Item 5. Market for Registrant’s Common Equity, Related Stockholder Matters and Issuer Purchases of Equity Securities

 

Market Information

 

There is no established public market for our common stock.

 

After the effective date of the registration statement of which this prospectus is a part, we intend to seek a market maker to file an application with FINRA to have our common stock quoted on the OTCQB. We will have to satisfy certain criteria in order for our application to be accepted. We do not currently have a market maker who is willing to participate in this application process, and even if we identify a market maker, there can be no assurance as to whether we will meet the requisite criteria or that our application will be accepted. Our common stock may never be quoted on the OTCQB, or, even if quoted, a public market may not materialize. There can be no assurance that an active trading market for our shares will develop, or, if developed, that it will be sustained.

 

We have 9,450,000 shares issued and outstanding as of April 25, 2017. There are no outstanding options, warrants, or other securities that are convertible into shares of common stock.

 

Shareholders of Record

 

There were 29 holders of record of our common stock as of April 25, 2017.

 

Dividend Policy

 

Any decisions regarding dividends will be made by our board of directors. We currently intend to retain and use any future earnings for the development and expansion of our business and do not anticipate paying any cash dividends in the foreseeable future. Our board of directors has complete discretion on whether to pay dividends, subject to the approval of our stockholders.

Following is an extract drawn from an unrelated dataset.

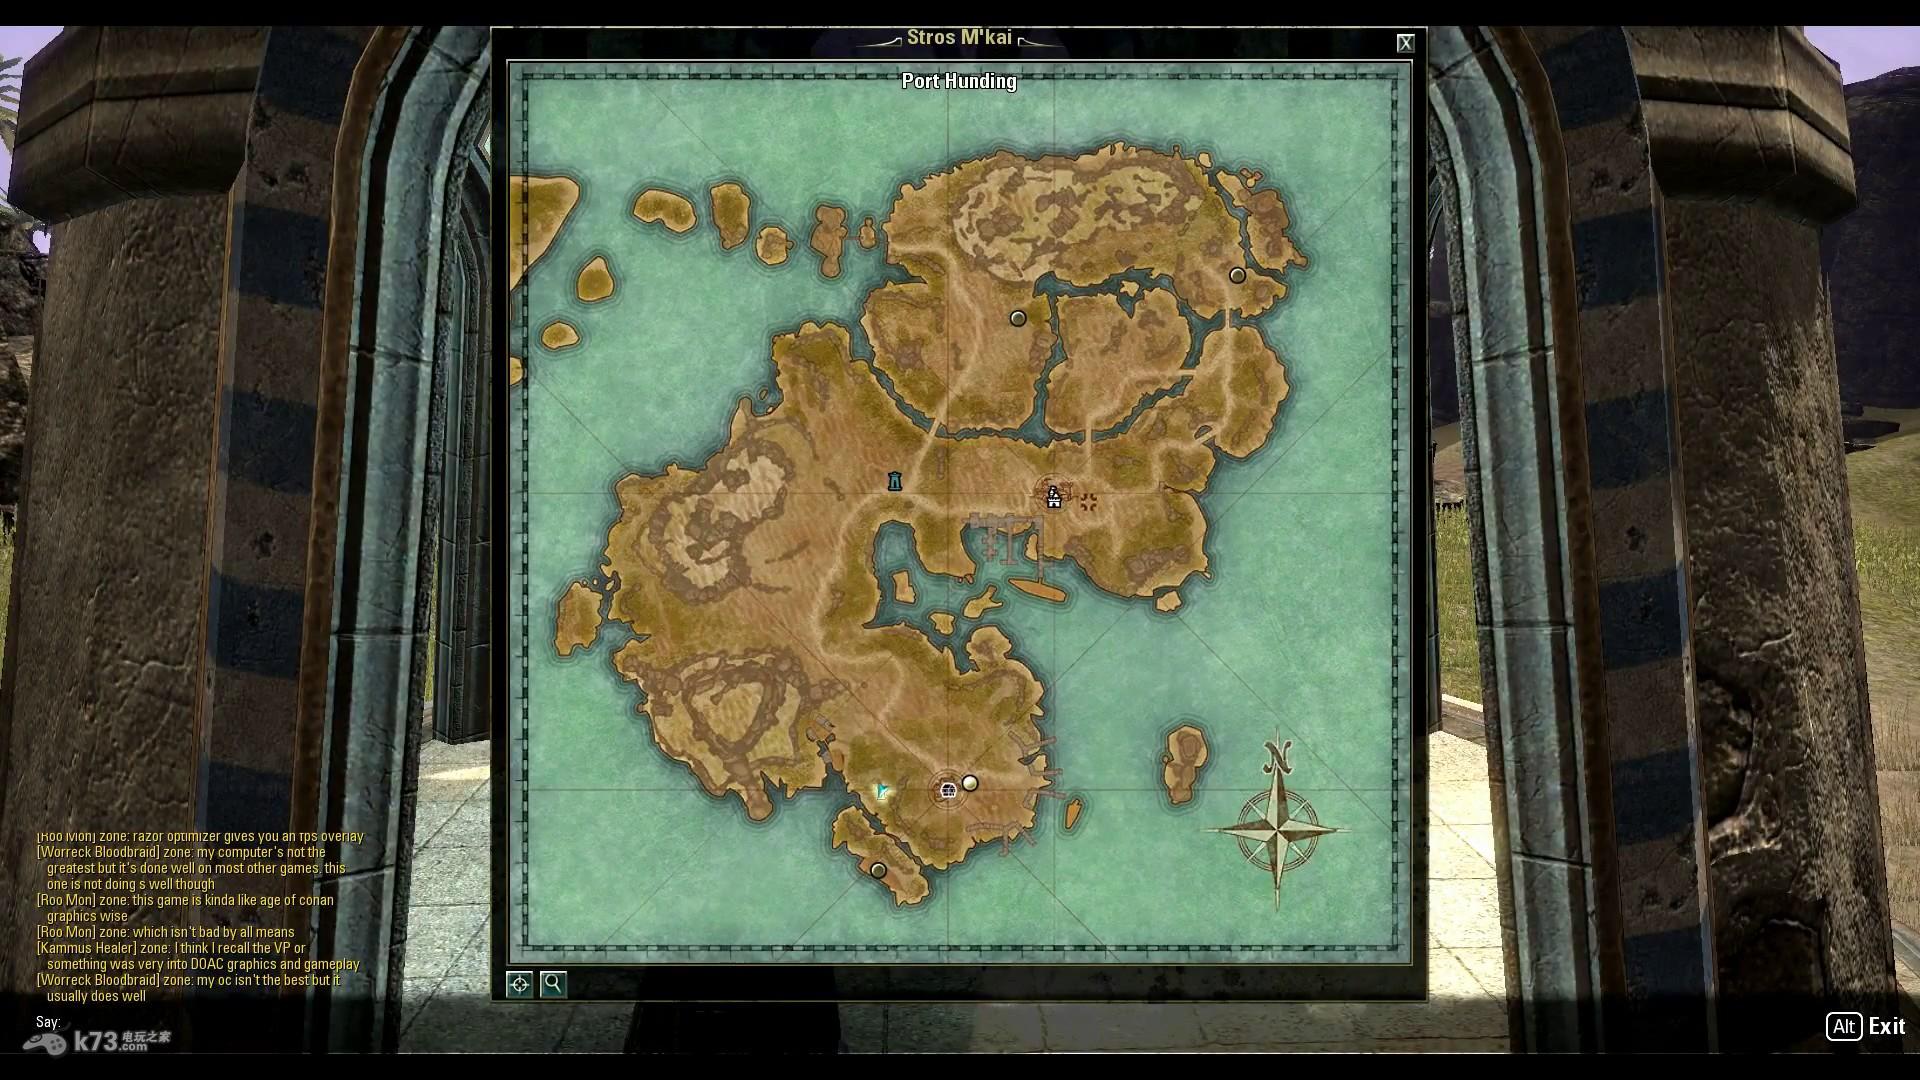 《上古卷轴ol》大地图旅行截图
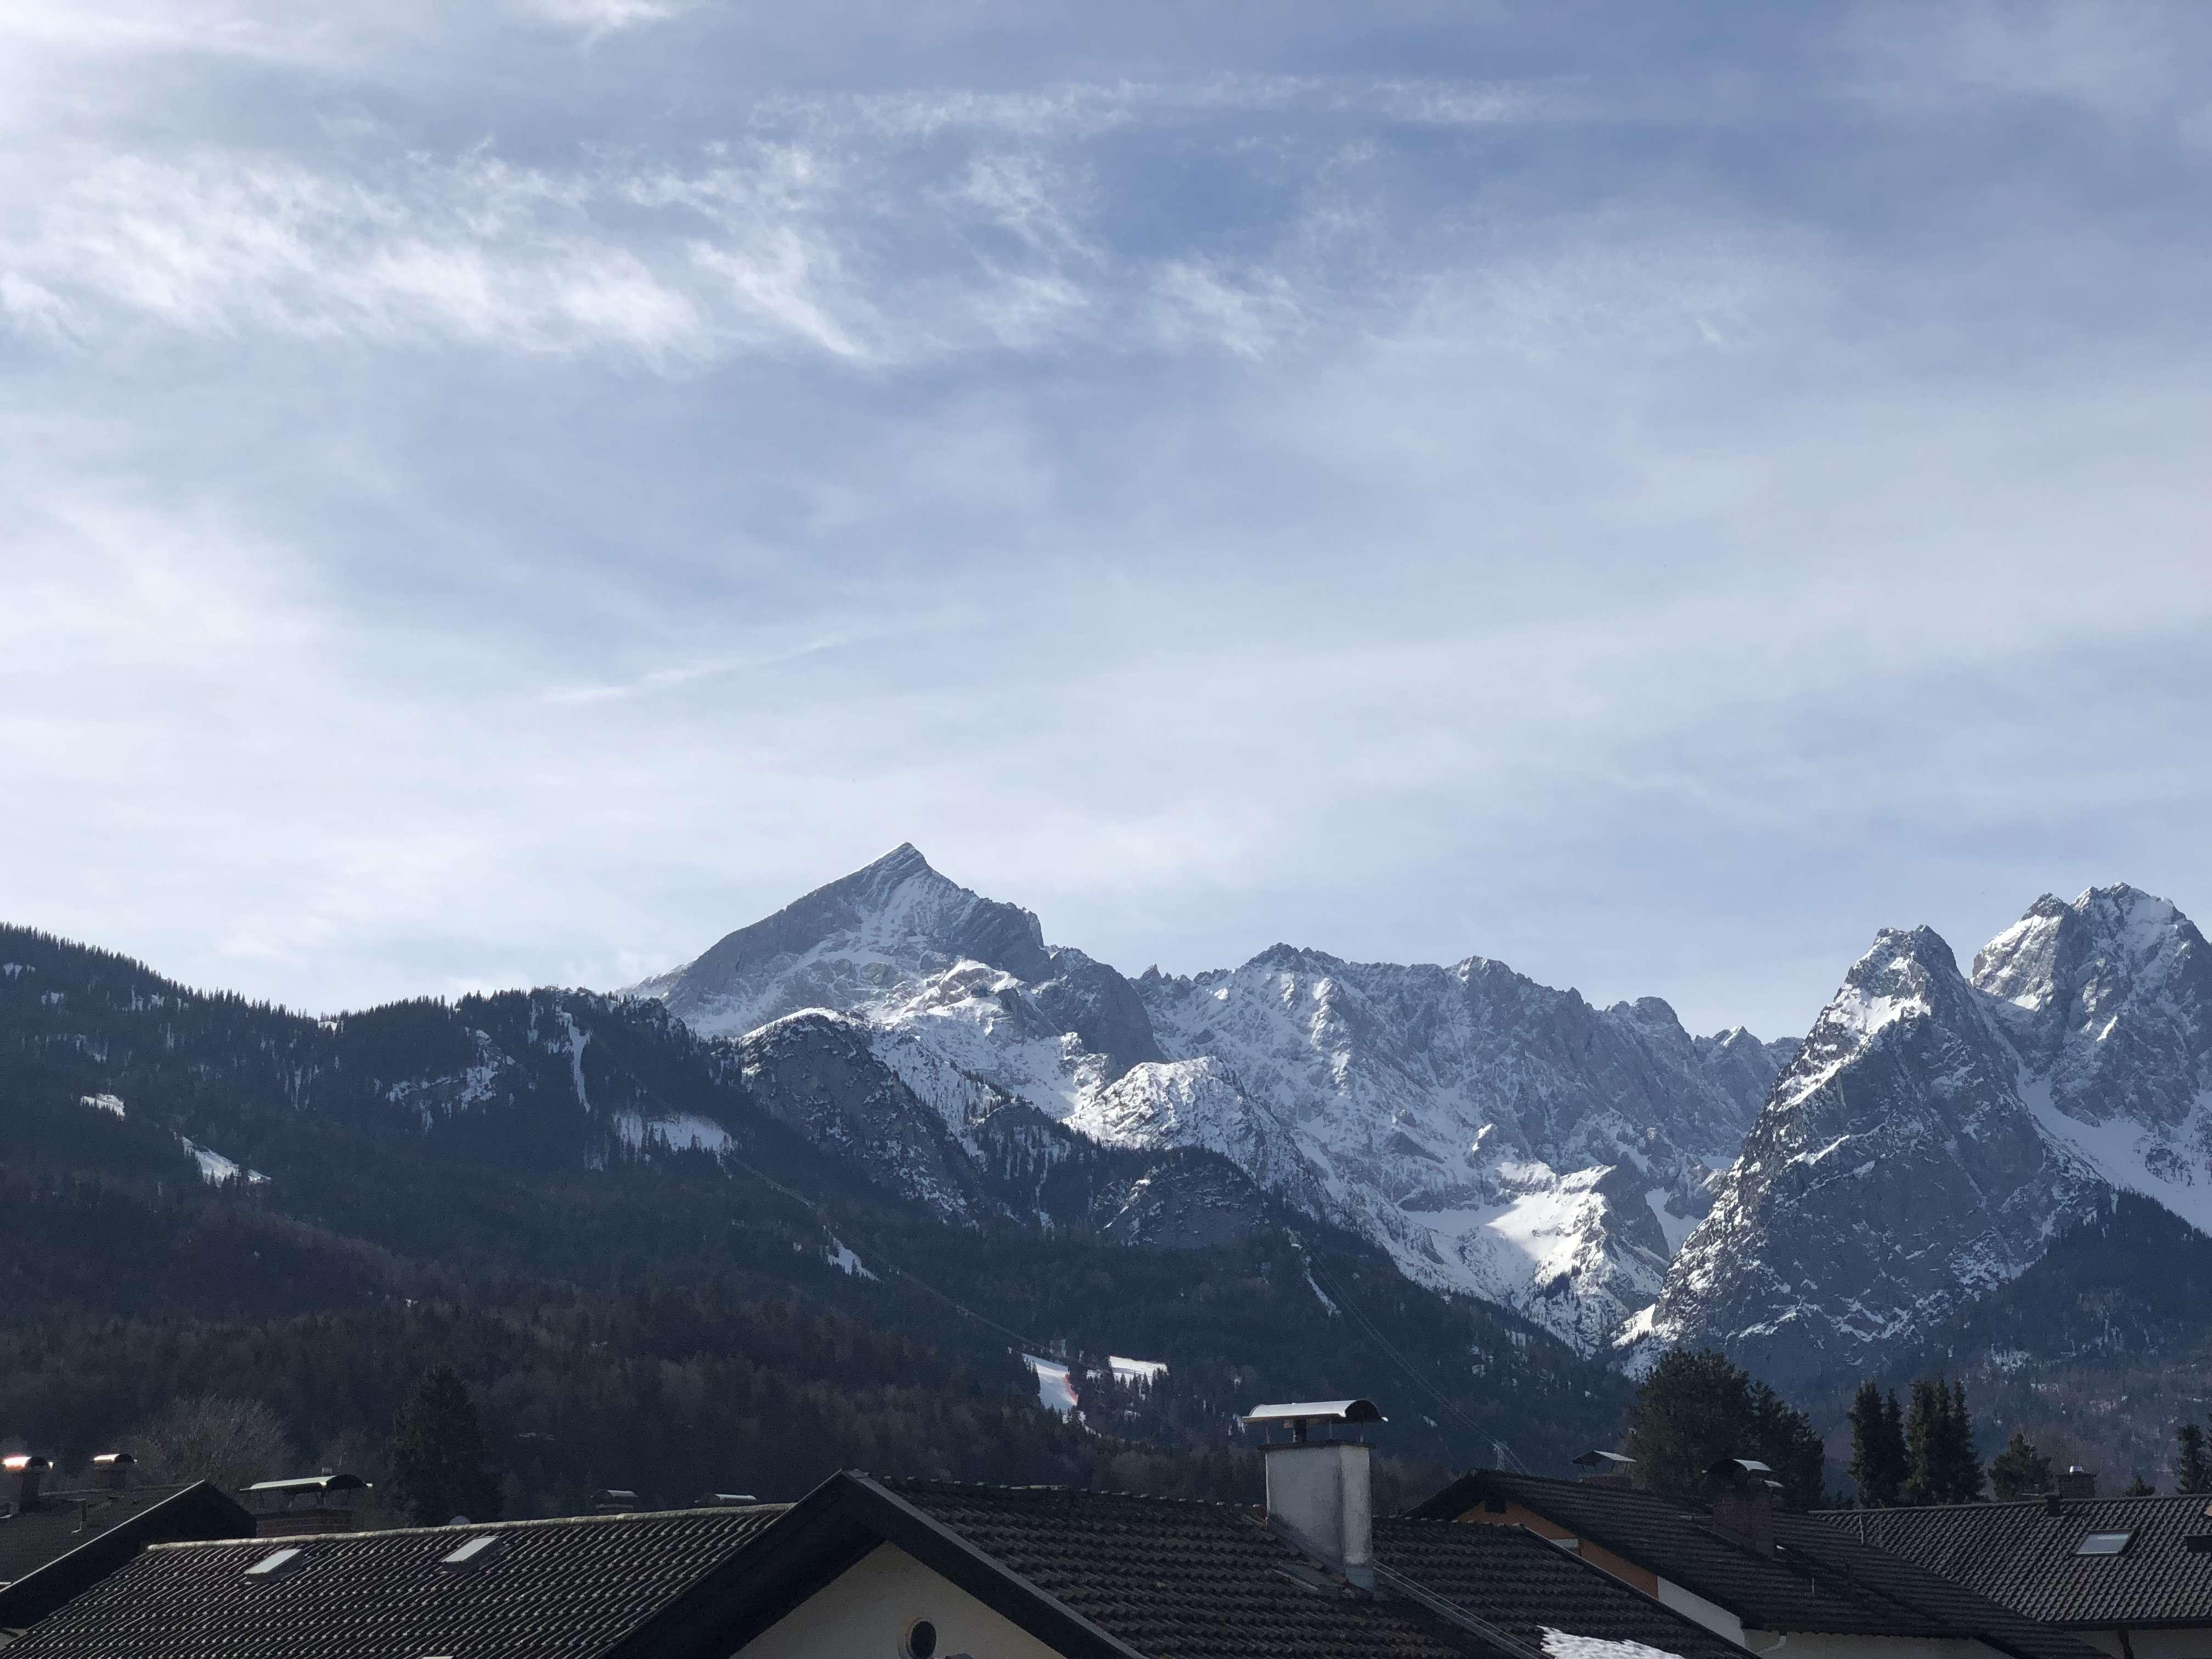 Gepflegtes 1-Zimmer-Appartment in zentraler Lage mit tollem Bergblick in Garmisch-Partenkirchen in

Even if our board of directors decides to pay dividends, the form, frequency and amount will depend upon our future operations and earnings, capital requirements and surplus, general financial condition, contractual restrictions and other factors that the board of directors may deem relevant.

 

Recent Sales of Unregistered Securities; Use of Proceeds from Registered Securities

 

We did not sell any equity securities which were not registered under the Securities Act during the year ended January 31, 2017 that were not otherwise disclosed on our quarterly reports on Form 10-Q.

 

Equity Compensation Plans

 

We do not have any compensation plan under which equity securities are authorized for issuance.

 

Purchases of Equity Securities by the Registrant and Affiliated Purchasers

 

We did not purchase any of our shares of common stock or other securities during our fiscal year ended January 31, 2017.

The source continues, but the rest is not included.